Cache all on Cloud Read Select whether to enable or disable caching for read operations. Default is enabled. When a client requests to read a block of data, the filer fetches the drive file, selects the block, and returns it to the client. Typically the entire drive file is kept in memory cache for a few seconds or minutes before being flushed. When the cache all on cloud read option is enabled, the entire drive file will persist in the cache until it is forced out, possibly for days or weeks. This feature can reduce the number of cloud reads required for files that are being frequently accessed by clients. The only potential downside is that other data in the cache will be flushed more frequently.
Cache Policies
Policy Parameters

Click Add a Policy, specify the new policy in one of the following ways, and click Add.

  • Policy Name: Add a name to identify the policy.
  • File System: Select a filesystem on which to base the policy. (If you have multiple filers in the cloud file system, see Policy Location (Which filer is it on?).)
  • Default Action: Select a default action from the following:
    • Auto Cache: This is the standard behavior of the filer. The filer will evict blocks of a file as needed to accommodate new data.
    • Pinned: Applies a ’last out’ policy to data. It avoids evicting data unless the cache is full and new priority data is being ingested. Pinned data will be evicted only as a last resort after other data to maintain normal operations. If you choose pinned as the default action, the only way to unpin is to specify the auto cache in a rule.

Note: Panzura recommends that you keep the default action as auto cache and then use rules to assign pinning.

Rescan

Click the Rescan icon for a filesystem in the table to apply the policy to it. A dialog box opens to show the following options. Select an option and click Rescan Now to start the scan.

  • Entire File System: Initiates a full scan of the specified filesystem and applies the rule.
  • Partial Rescan: Provides the ability to selectively apply the rule based upon specified criteria, which can be a specific path, and/or a date range.

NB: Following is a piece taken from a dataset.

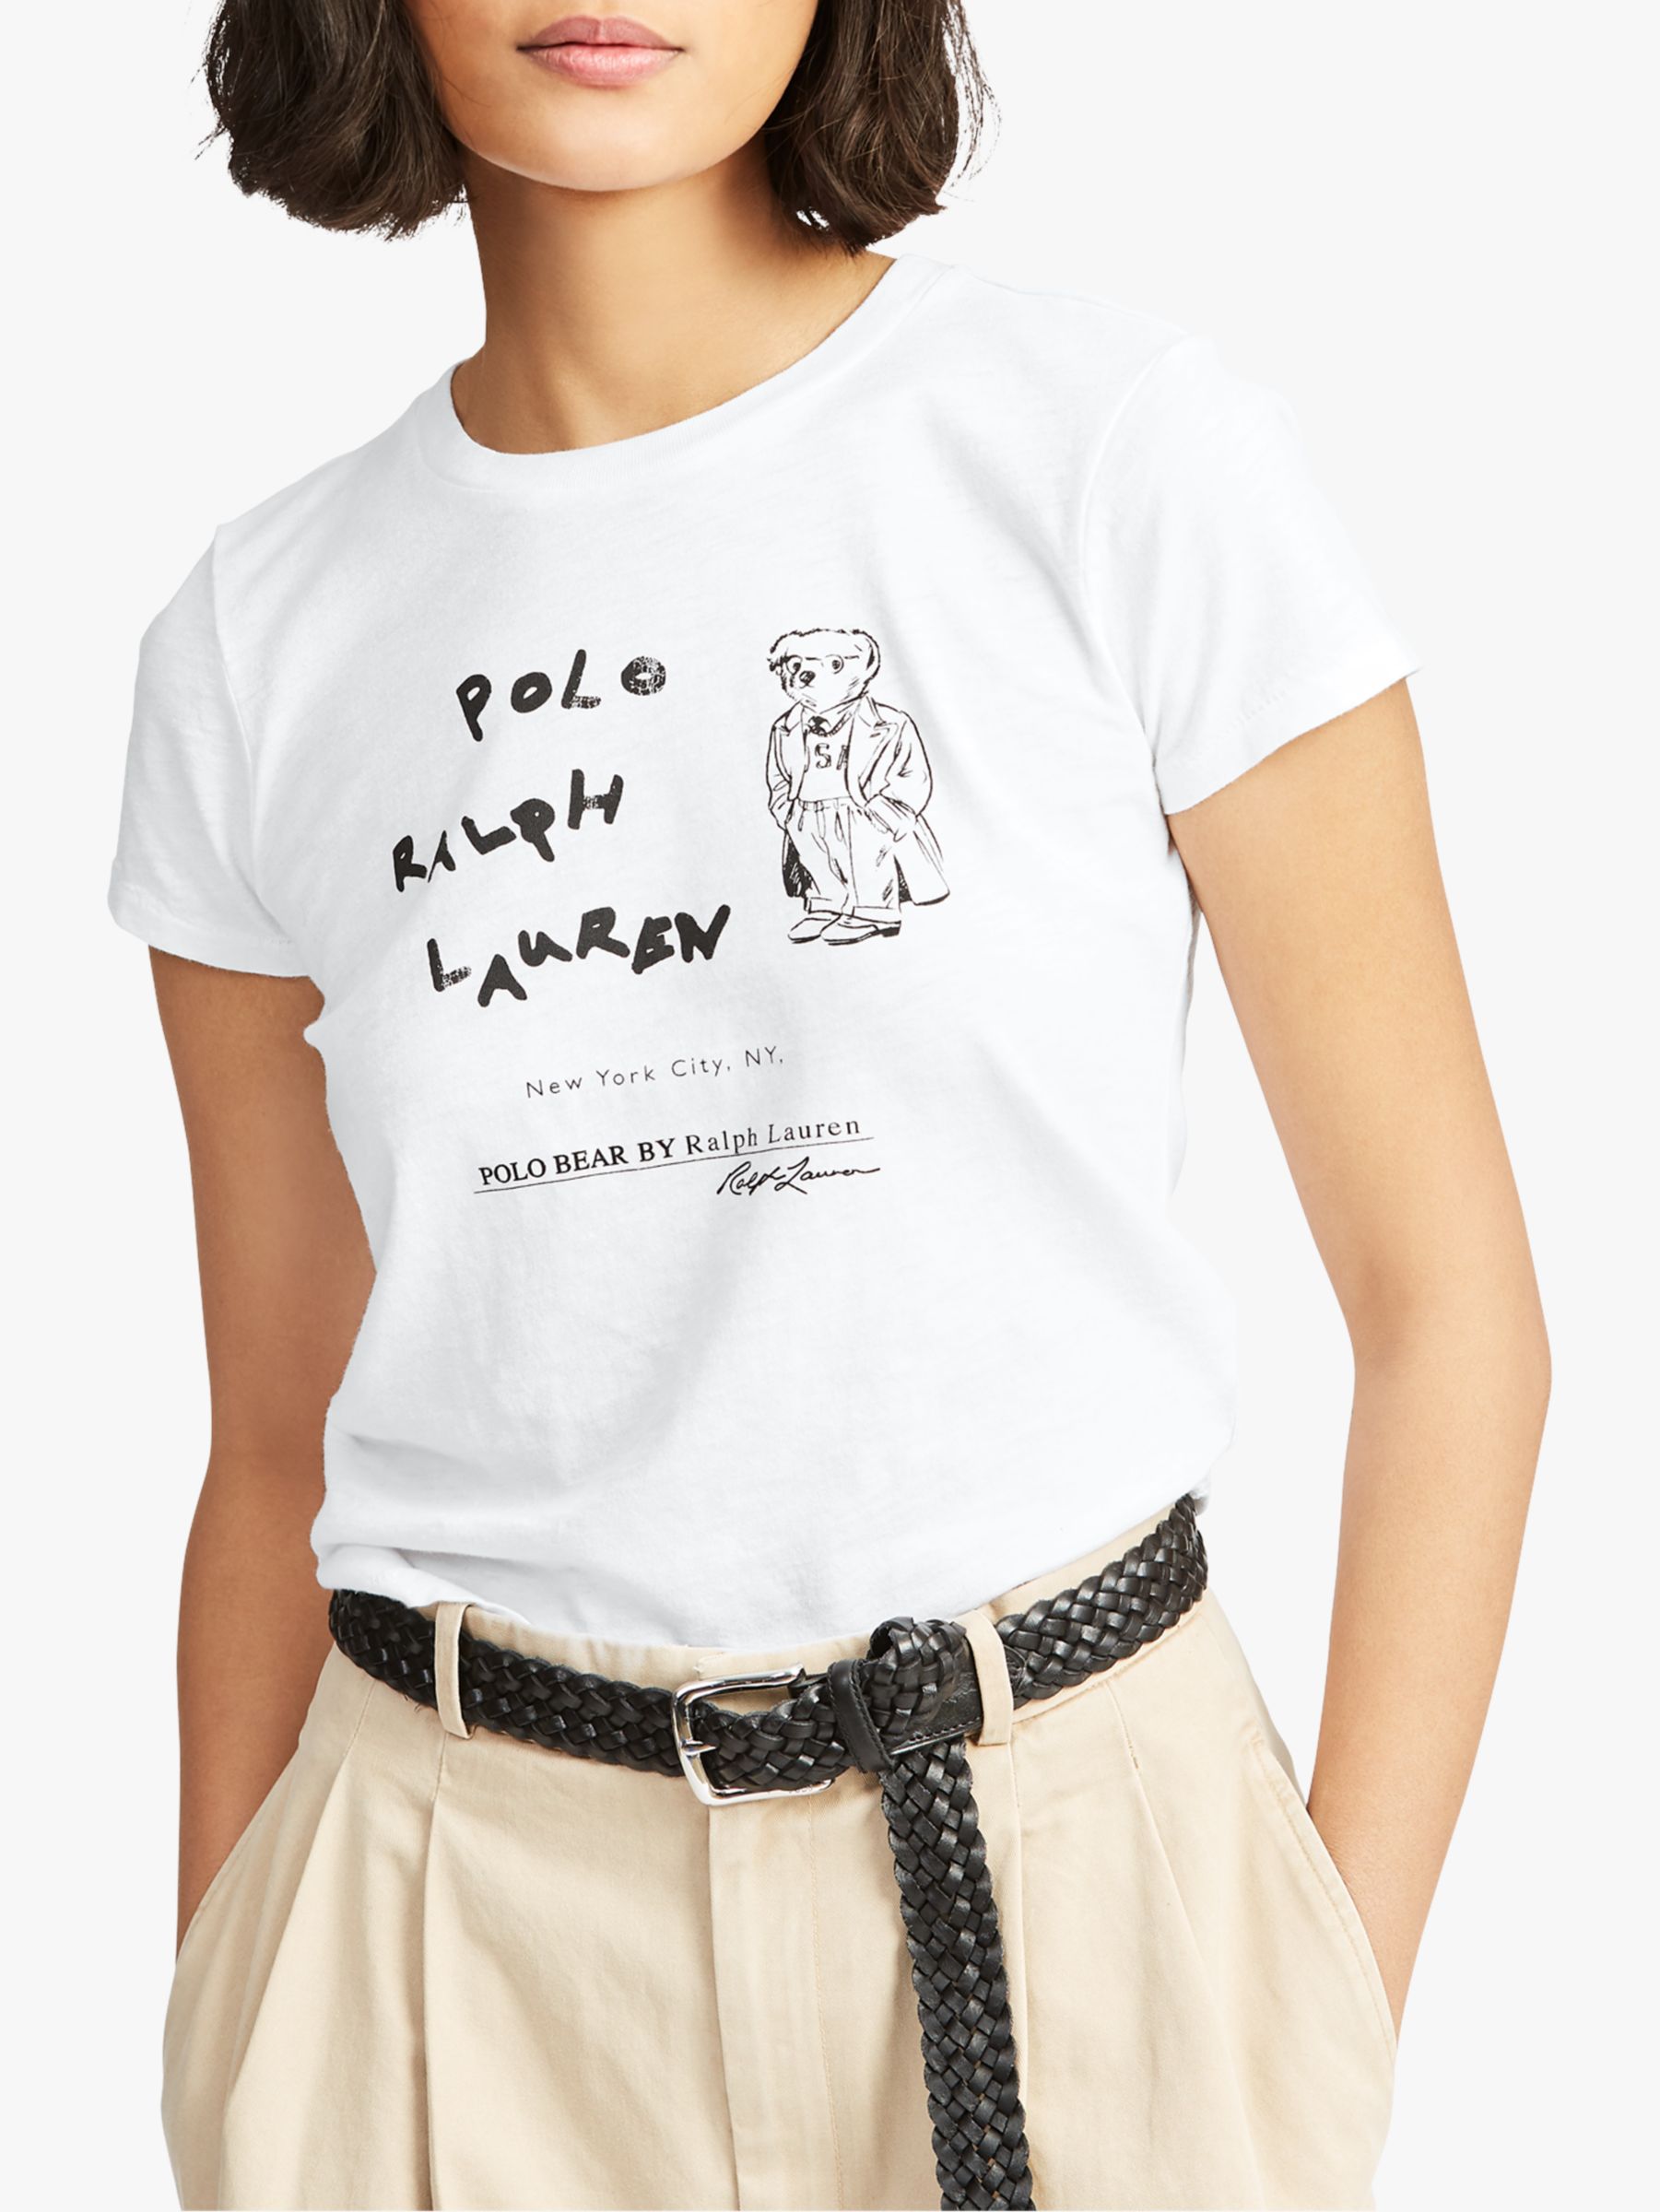 women's polo bear t shirt
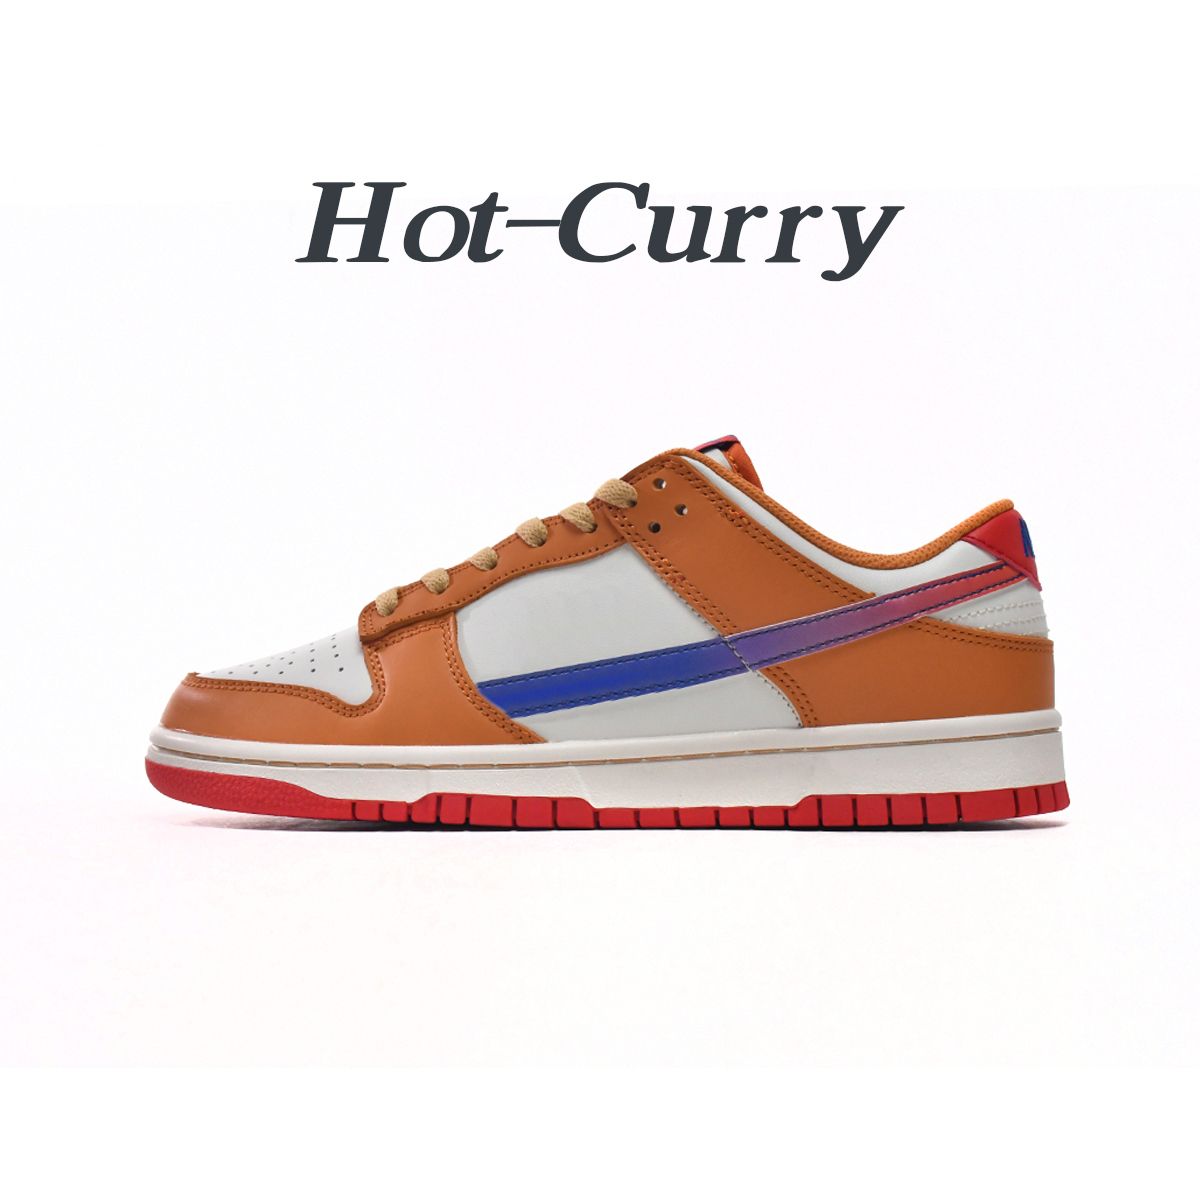 6. Curry caldo

Note:  The rescan process consumes resources on the filer. If possible, rescan for the policy at off-peak times.

Rule Parameters

Click Add a rule.

  • Rule Expression: The rule syntax is based on glob programming, with the available actions or auto cache or pinning added to a glob expression. The rules are case sensitive. (See Sample Rules.)
  • Rule Action: See Rule Actions.
  • Prepopulate: Prepopulating makes the data available without forcing a reduction in cache. Panzura recommends selecting enable.
  • Deduplication: Indicates whether to apply deduplication to the data. This option controls deduplication for files that match the rule expression. If you specify No, deduplication is disabled for those files. Setting this option overrides the global deduplication setting and allows you to optimize deduplication at a fine-grained level. For example, If you enabled deduplication globally on the Cloud FS page (Distributed CloudFS Settings), you can override that setting for mp3 files by specifying a rule for mp3 files and setting dedup to No.